One of these extensions is the so-called label printing problem (LPP) of Yiu et al. (2007). As for the BBP the intended application is printing labels. However, the technology used is different. The labels are not printed on quasi endless rolls of paper, but—alike the MP—on discrete rectangular sheets of paper consisting of L rectangular compartments. Thus, the role of the lanes of the BBP is the same as the role of the compartments of the MP/LPP (or CPP in general). But the lanes are only arranged in one dimension, whereas the compartments are arranged in two dimensions. As opposite to the MP, the LPP is not restricted to \(L = 4\) and a sort j can only be assigned to a single offset plate s. In contrast to the BBP and MP, compartments of the LPP may remain empty. The authors formulate a nonlinear IP which minimizes the amount of printed scrap and empty compartments. Costs are not considered. A solution heuristic decomposes the LPP into two subproblems, one of which is solved by simulated annealing again.
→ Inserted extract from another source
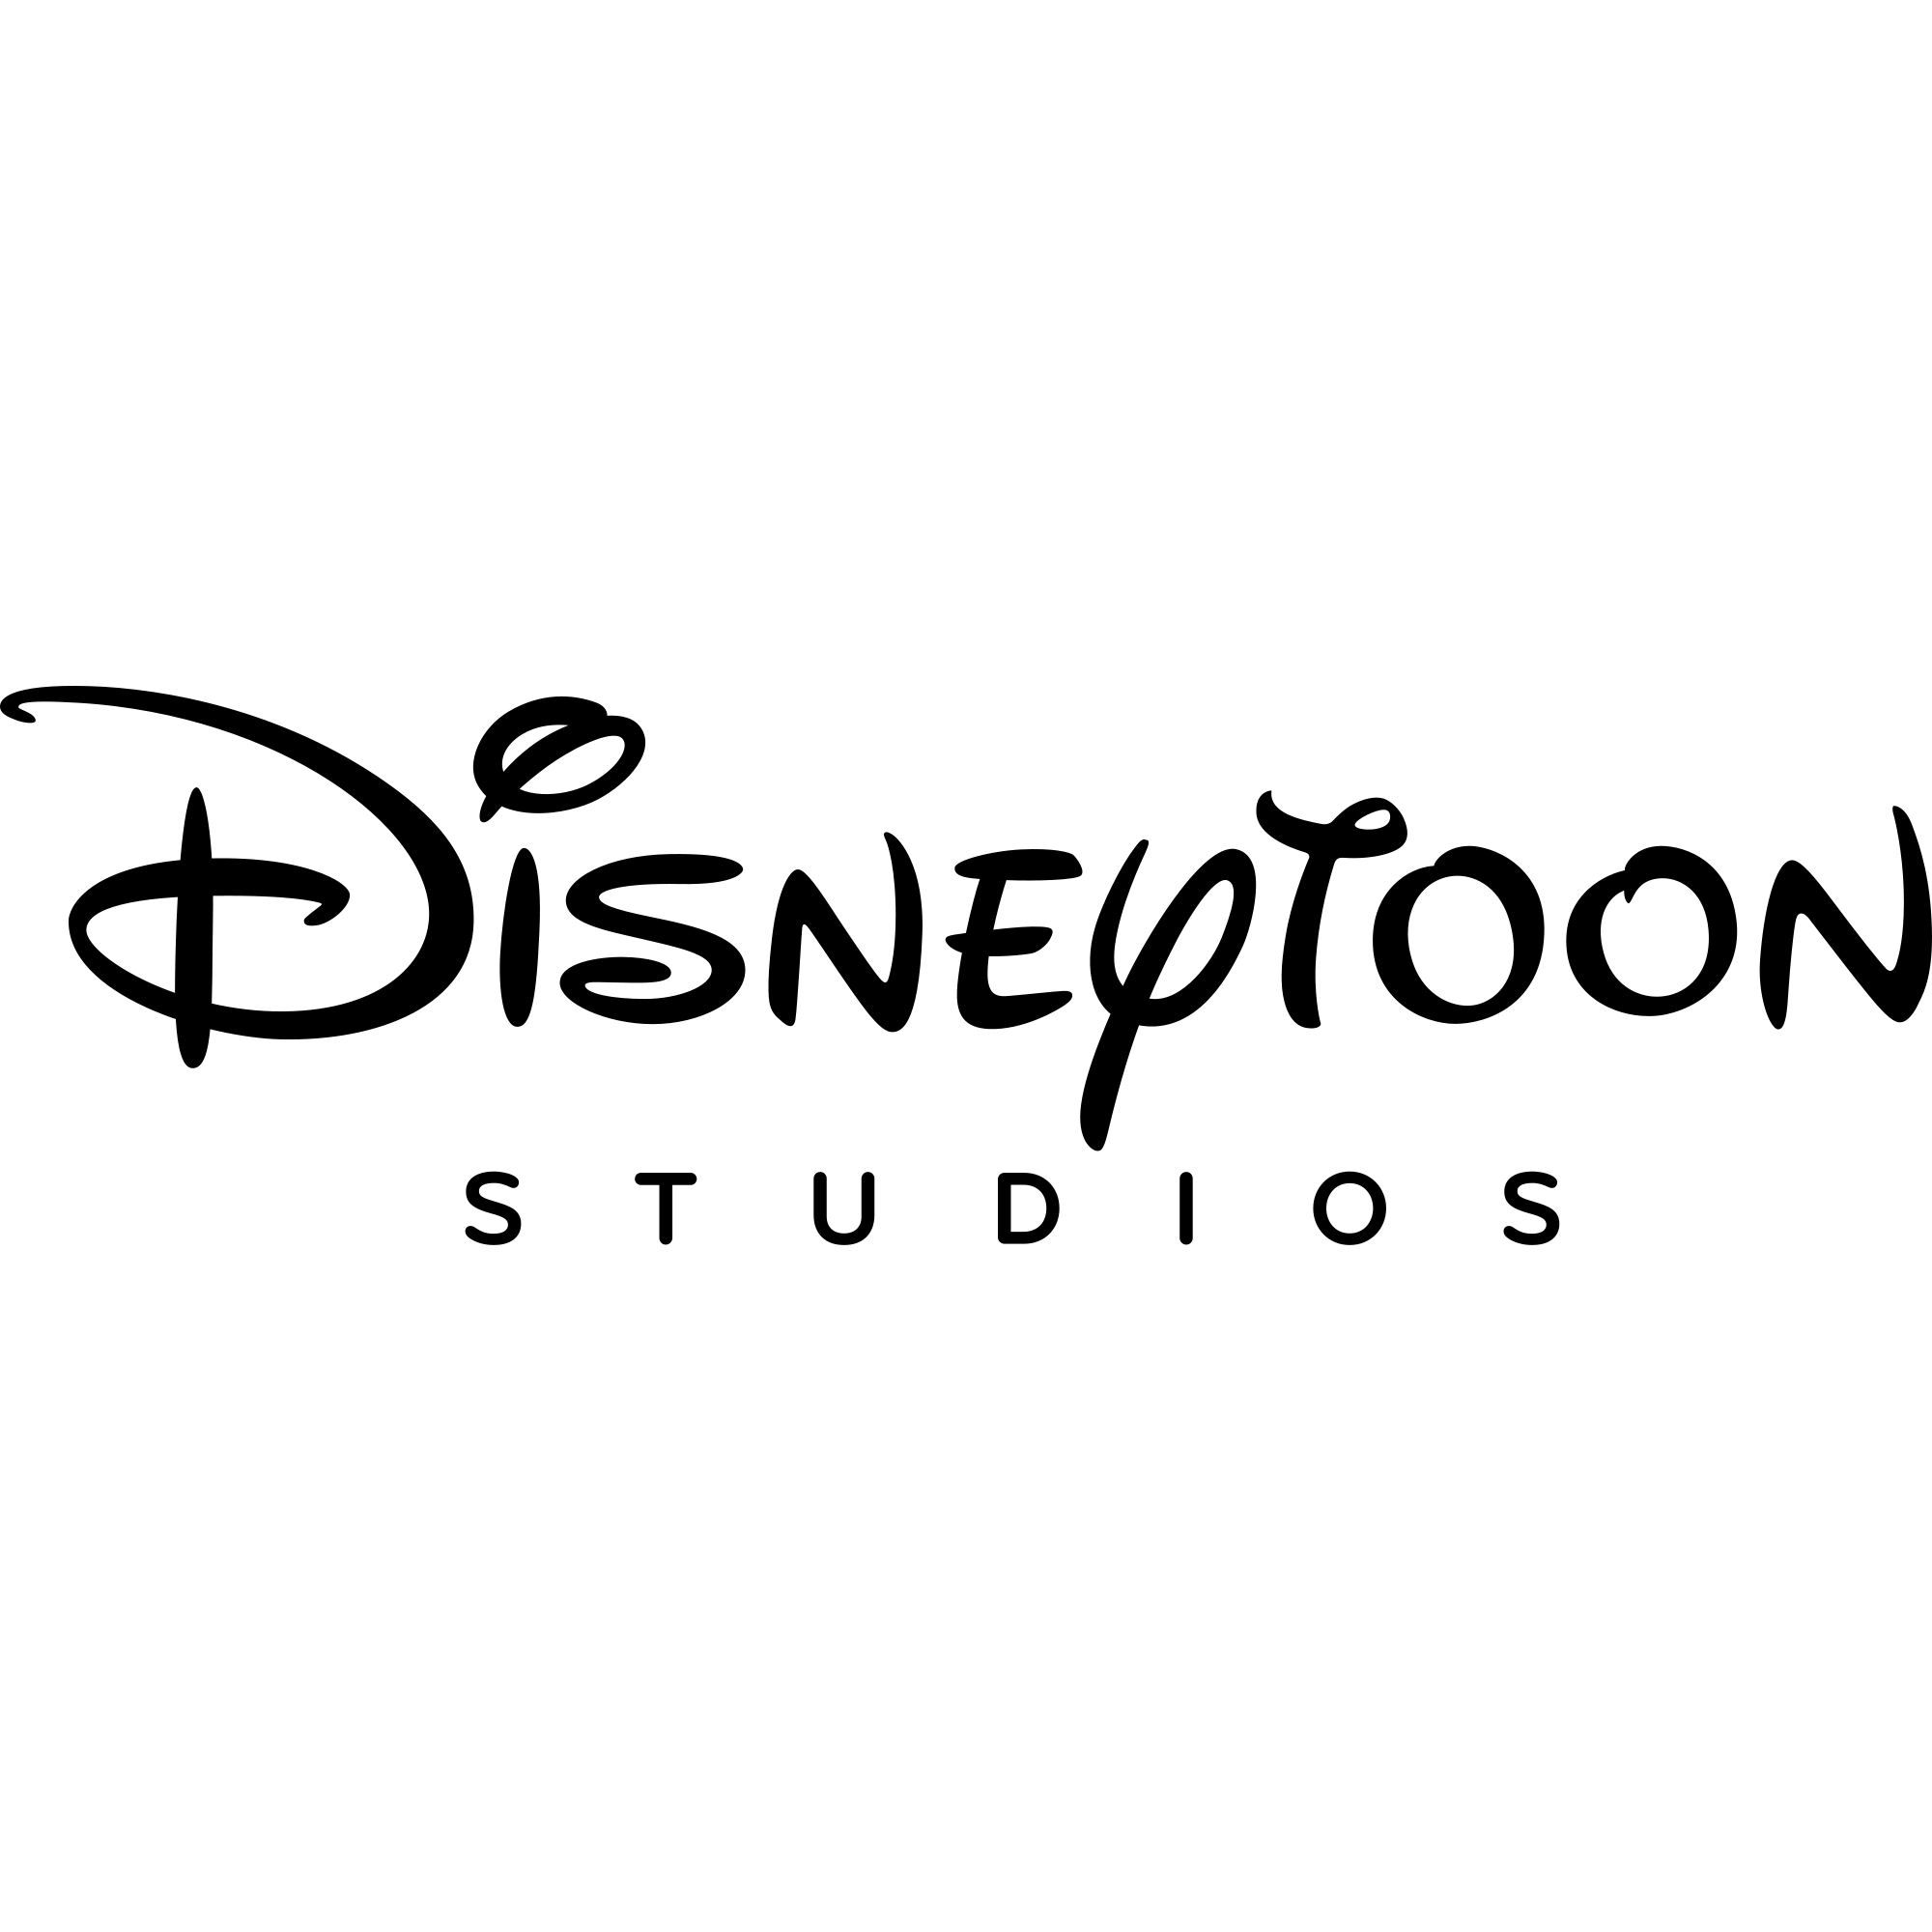 disneytoon #studios #logos #cartoons #toons #disney #animation #movies #company #disneytoonstudios

Degraeve and Vandebroek (1998) describe and model a layout problem in the fashion industry, which is a variant of the one-dimensional cutting stock problem (see Gilmore and Gomory 1961, 1963). Transferring its basic idea to the BBP would mean that a maximum of \(J^{L}\) combinations to place sorts j on lanes l has to be enumerated. These “patterns” define the set of potential printing plates \(s = 1,\ldots {}, J^{L}\) which could be designed. Among them (or at least some reasonably pre-defined subset), the ones need to be selected that should actually be used. Additionally, the corresponding production lot-sizes have to be determined that finally establish the printing blocks. Again, Baumann et al. (2015) give an overview over this stream of the literature.
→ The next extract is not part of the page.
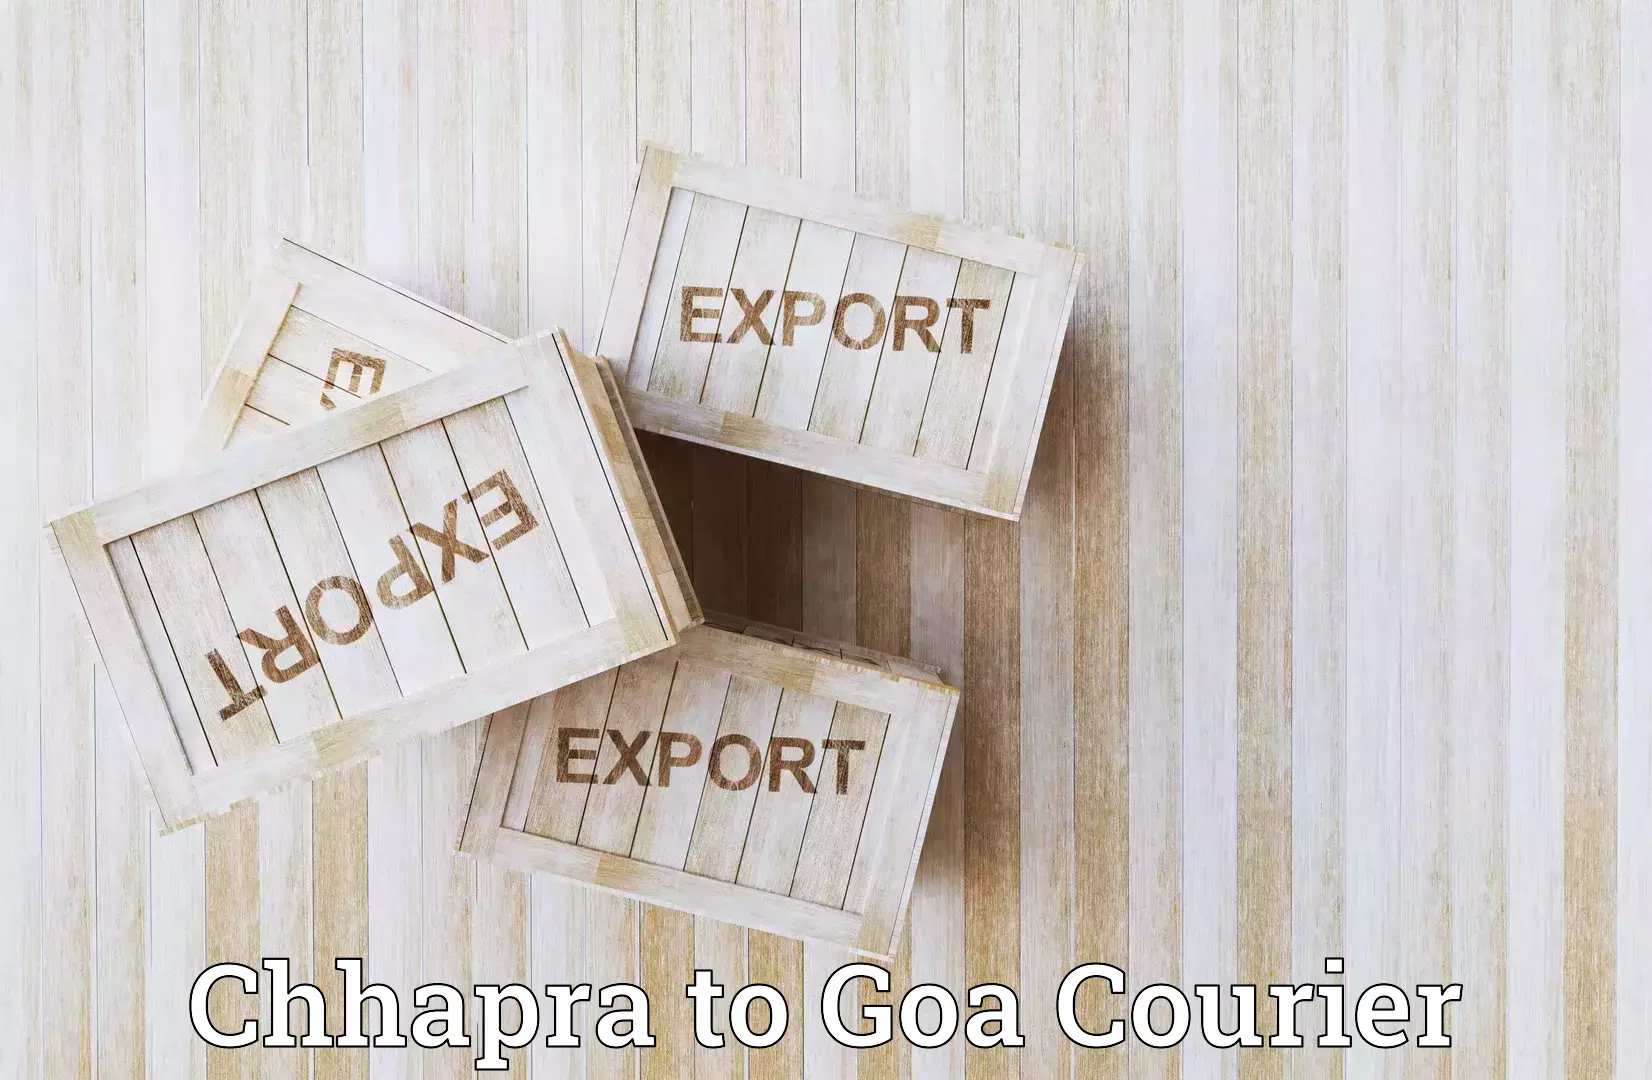 Efficient order fulfillment in Chhapra to Goa

Motivated by practices in the printing industry, Ekici et al. (2010) introduce the “job splitting problem” (JSP). Here J different product types j with demands \(d_{j}\) (“jobs”) have to be produced on a single machine which has L slots l. Each slot l can produce each type j, but only one at a time. The slots need to be set up for the types in a joint setup process with costs sc. Then, all slots do produce simultaneously during a “run” s until the next setup process and the next run \(s+1\) start. If total production exceeds total demand, each unit of waste produced incurs costs vc. The problem is to split the demands into feasible production quantities per slot and per run so that the total costs for setups and waste are minimized.
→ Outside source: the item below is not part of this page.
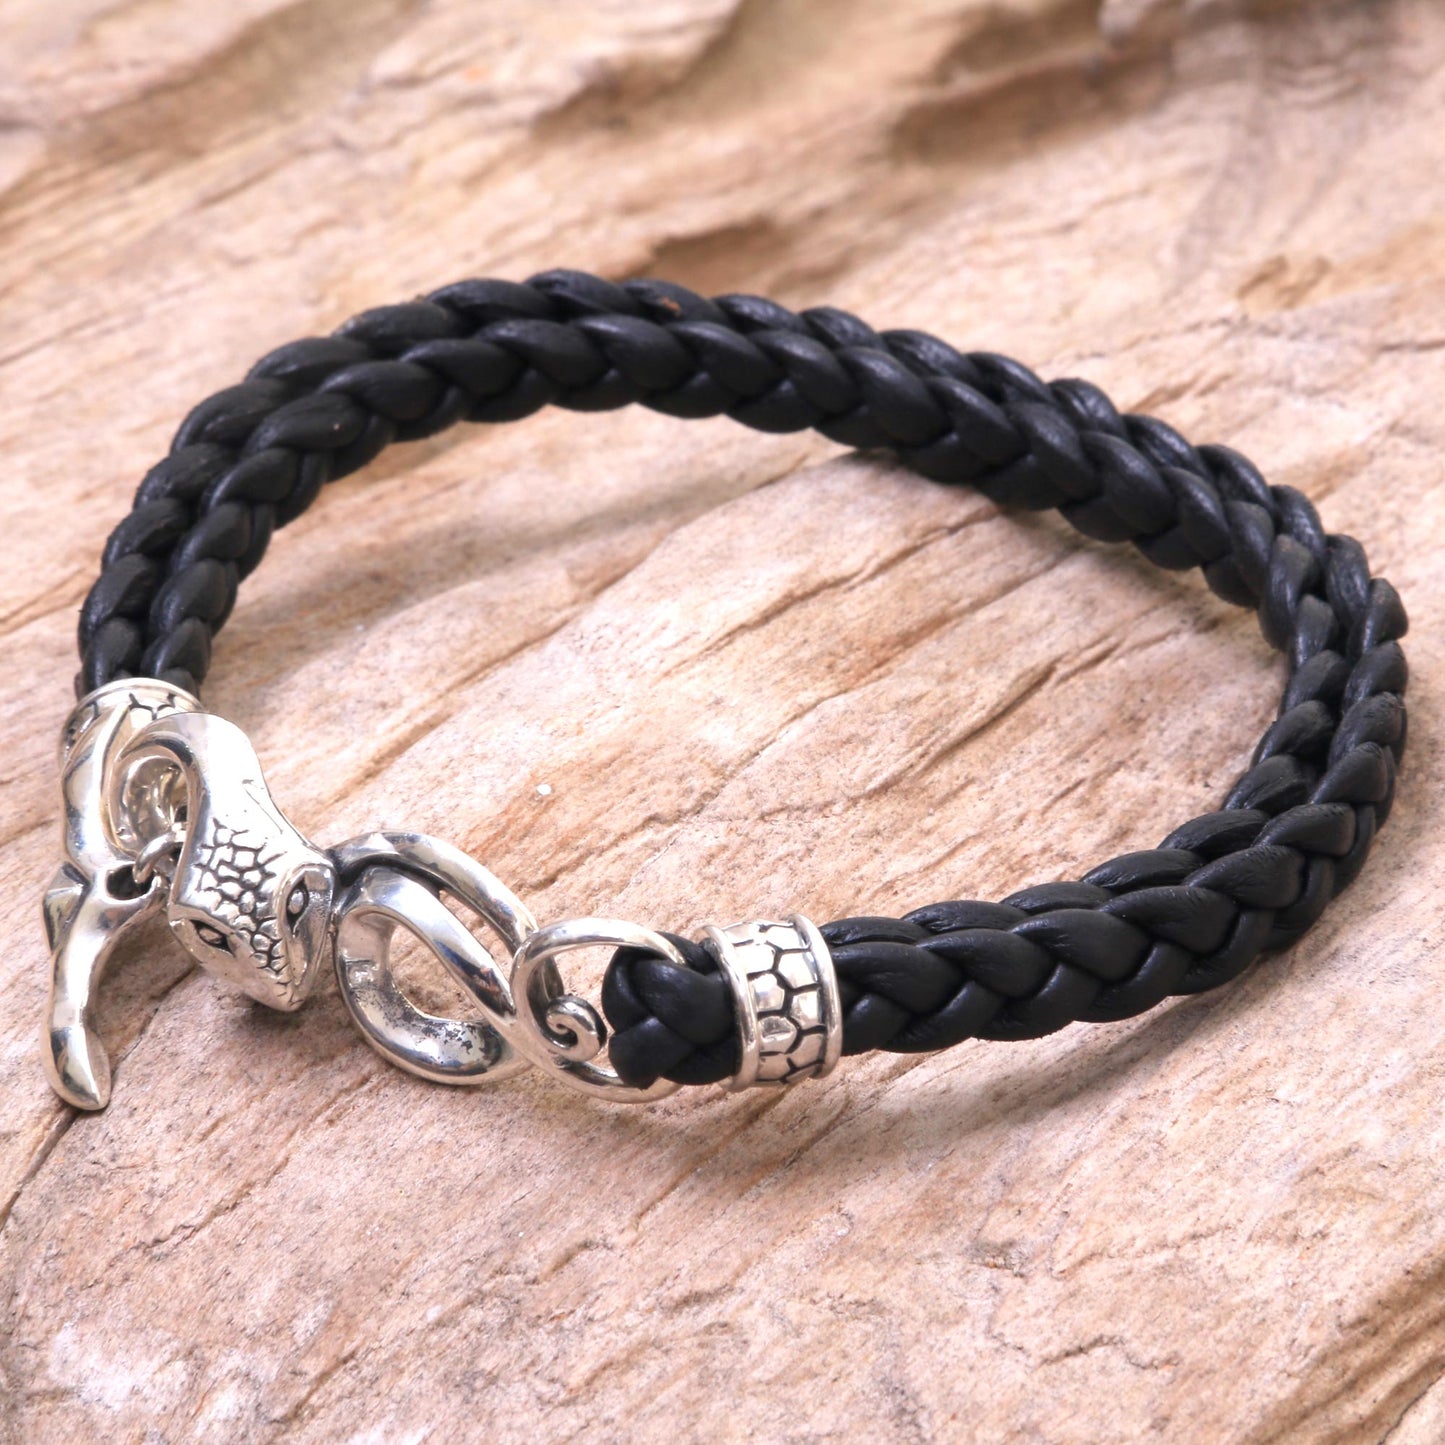 Cobra Men's Black Leather Bracelet with Silver Snake Clasp

The authors transform the original objective function into a (w.l.o.g. equivalent) substitute where scaled setup costs \(c: = \frac{{{sc}}}{{vc \cdot L}}\) plus the total run length of the machine (makespan) are minimized. They show that the JSP is strongly NP-hard and present a nonlinear and two linear IP formulations called IP1 and IP2. Whereas IP1 is rather intuitive, IP2 is more efficient because it avoids unnecessary symmetries and allows further improvements. Empty slots could basically occur, but would (in the objective function) be accounted for as if they were producing waste. A job can be split over several runs. The authors propose a polynomial time (\(O(L\log {}J)\)) algorithm for solving the special case \(J \le L\), which they call the “single run problem” (SRP). The basic idea of this “single run algorithm” is to iteratively allocate the type which currently determines the run length to the next free slot. If necessary, a fractional run length is rounded up to the next higher integer number. This algorithm is a major building block to design two heuristic solution procedures for the original JSP where J can also exceed L.

Baumann et al. (2015) present a practical application where customer-specific designs j of napkin pouches are printed using a single machine with \(L = 7\) slots l per offset printing plate s. Alike the JSP, the setup costs for the necessary runs of the different printing plates s have to be minimized together with the run-time-dependent costs of waste. However, in extension to the JSP, several further technical constraints have to be considered like, for example, that colors of napkins and the potential occurrence of white borders restrict the allocation of designs to slots, that slots must not remain empty and that a single design may not be allocated to several plates. The authors present a linear MIP formulation and a savings-based heuristic to solve the problem.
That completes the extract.